I’ll go back to Myall Creek one June for the annual memorial service. Hearing the true story of the place probably marks the start of my journey to being a writer.

© Michael Burge, all rights reserved. 

The black soil in my blood

A Writer’s birthright.

I WAS born in the Northern Tablelands of New South Wales and I spent the first years of my life living on my parents’ farm between the crossroads village of Delungra and the town of Bingara.

The countryside consisted of rolling uplands, the last vestiges of the black soil country before they give way to Queensland’s Darling Downs.

Some of my earliest memories are of the soil, often baked hard into cracked clay beds, or sluiced with water into acres of mud, but always black. Black against the yellow straw grass that covered the hills.

‘Paxton’, the property where I spent my childhood, was salvaged by my parents from a derelict state. Despite a few years of success, death and divorce saw my rural childhood disappear like spinifex on the wind.

Nights of blazing stars. Days of grey skies over blue hills. Hailstorms and wind that blew the corrugated sheds around like leaves… all were replaced by the disturbing lights of cars in urban streets crossing my bedroom wall in town, of houses that seemed insanely close together, and people living right up against one another.

My family bridged a great divide.
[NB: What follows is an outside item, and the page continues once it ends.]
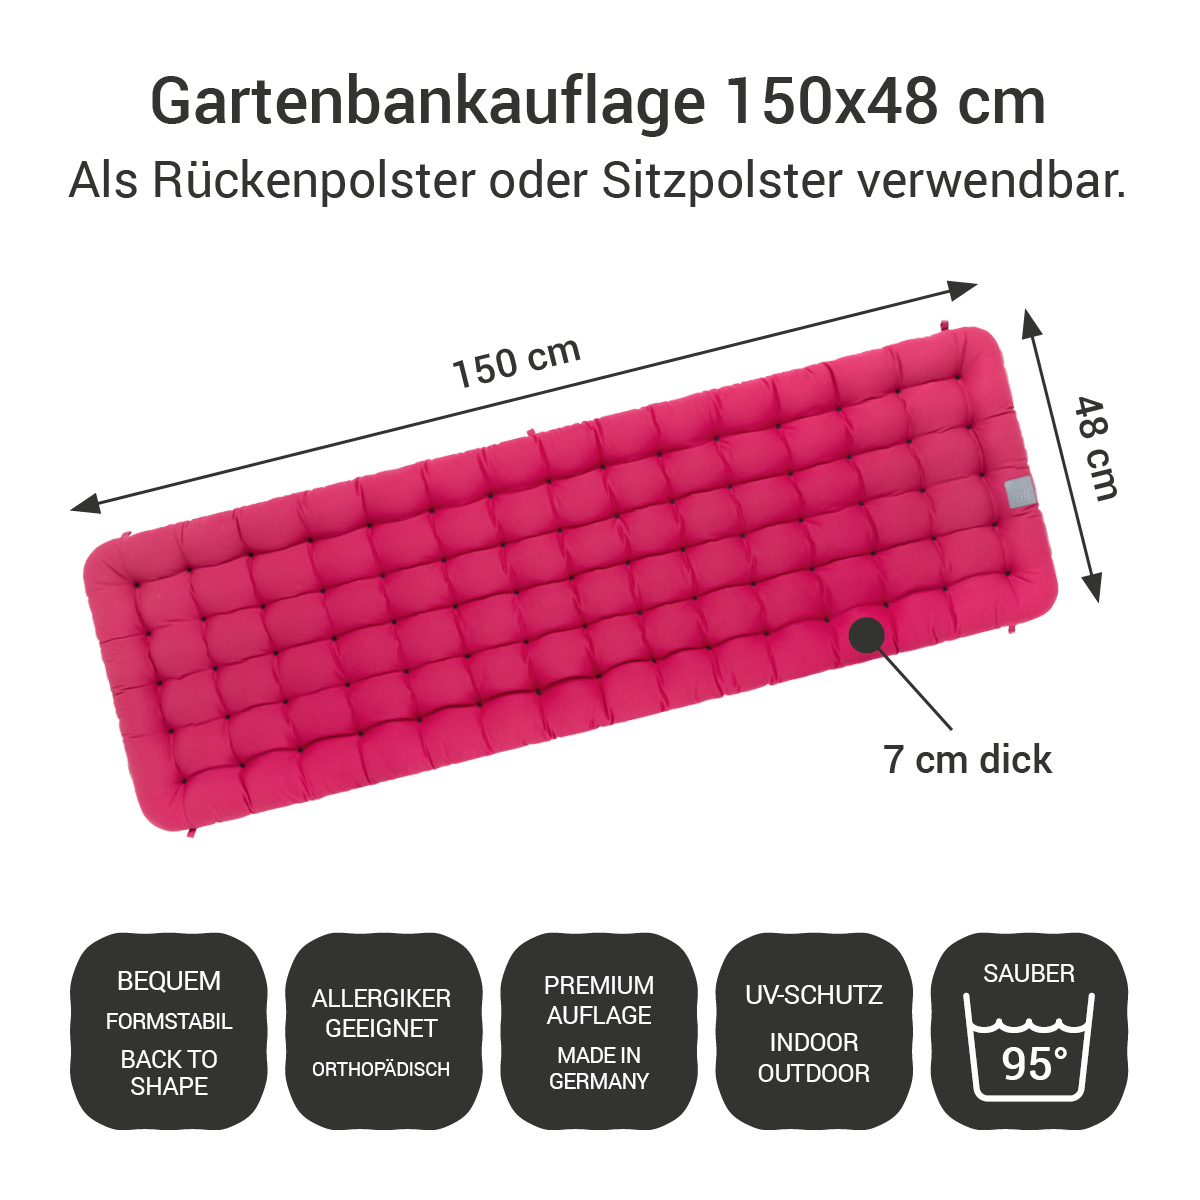 Gartenbankauflage hot pink | 150x48 cm / 150 x 50 cm | bequem & orthopädisch, komplett im Ganzen waschbar bis 95°C, wetterfest, Made in Germany

The country half were tall, Germanic, Presbyterian stock in great numbers, who, by the time I was born, lived with a fading sense of entitlement based on achievements past.

The other half were a small band of establishment city dwellers with a dose of very English mores.

An attempt was made to combine these energies in my parents’ marriage, but it failed miserably.

I left the country, and in many ways I have been running from it my whole life.

But when I left London to take up a job offer in Suffolk, barely an hour from the city, it was to work for a rural media company.

In my application, I evoked the country of my childhood to get the job. I didn’t need to pretend, I’d lived in and around a mixed crop and stock farm, and I knew a bit about how they operated.

Despite feeling like a complete sellout, I used my trump card – being of strong country bloodlines – and I could see the eyes of one of my interviewers misting over. There is a great camaraderie, and a willingness to help-out their own, amongst families who have worked the land.

I was a farm boy who had video production and communication skills, and I got the job.

Forget that I thought agriculture in general had lost its way, that I was vegetarian, and an animal liberationist who had little interest in farm machinery. I needed a good income, and an opportunity. Farming Press offered me that, and I took it, wondering when my secrets would be discovered.

BURGE'S BURGH The windmill tower on the hillside of the hamlet of Burgh, Suffolk (photo: Barry Hughes www.geograph.org.uk/photo/41986).
BURGE’S BURGH The windmill tower on the hillside of the hamlet of Burgh, Suffolk (Photo: Barry Hughes).

So I packed-up my room in a shared flat in London’s leafy Lewisham Park, and rented another in a tiny row of cottages in the charming little hamlet of Burgh, up a hill past a windmill from the even more charming village of Grundisburgh, just north of Ipswich, Suffolk’s historic county town.

With barely three days to prepare myself, I had to pack for a flight to Detroit, Michigan, to document the traditional skills of farming people across three states.

In the rush I didn’t get much of a chance to meet my new colleagues or my housemate, or settle into the Farming Press offices on the edge of Ipswich, a typical English company with some friendly faces, wanting to know this Australian who was going to work in the video department downstairs.

My first week’s pay was more than I would have earned in a month of cinema shifts. The Suffolk countryside was blossoming into a gorgeous spring. I got a touch of hay fever. I became lost on country lanes trying to find my way home. I was cornered by inquisitive cows. I bought my first ever car and was able to traverse the country without the crippling cost of train travel.

England had opened itself to me a little… and then I had to leave her in a rush of camera equipment and travelling instructions. America’s rural heartland was waiting.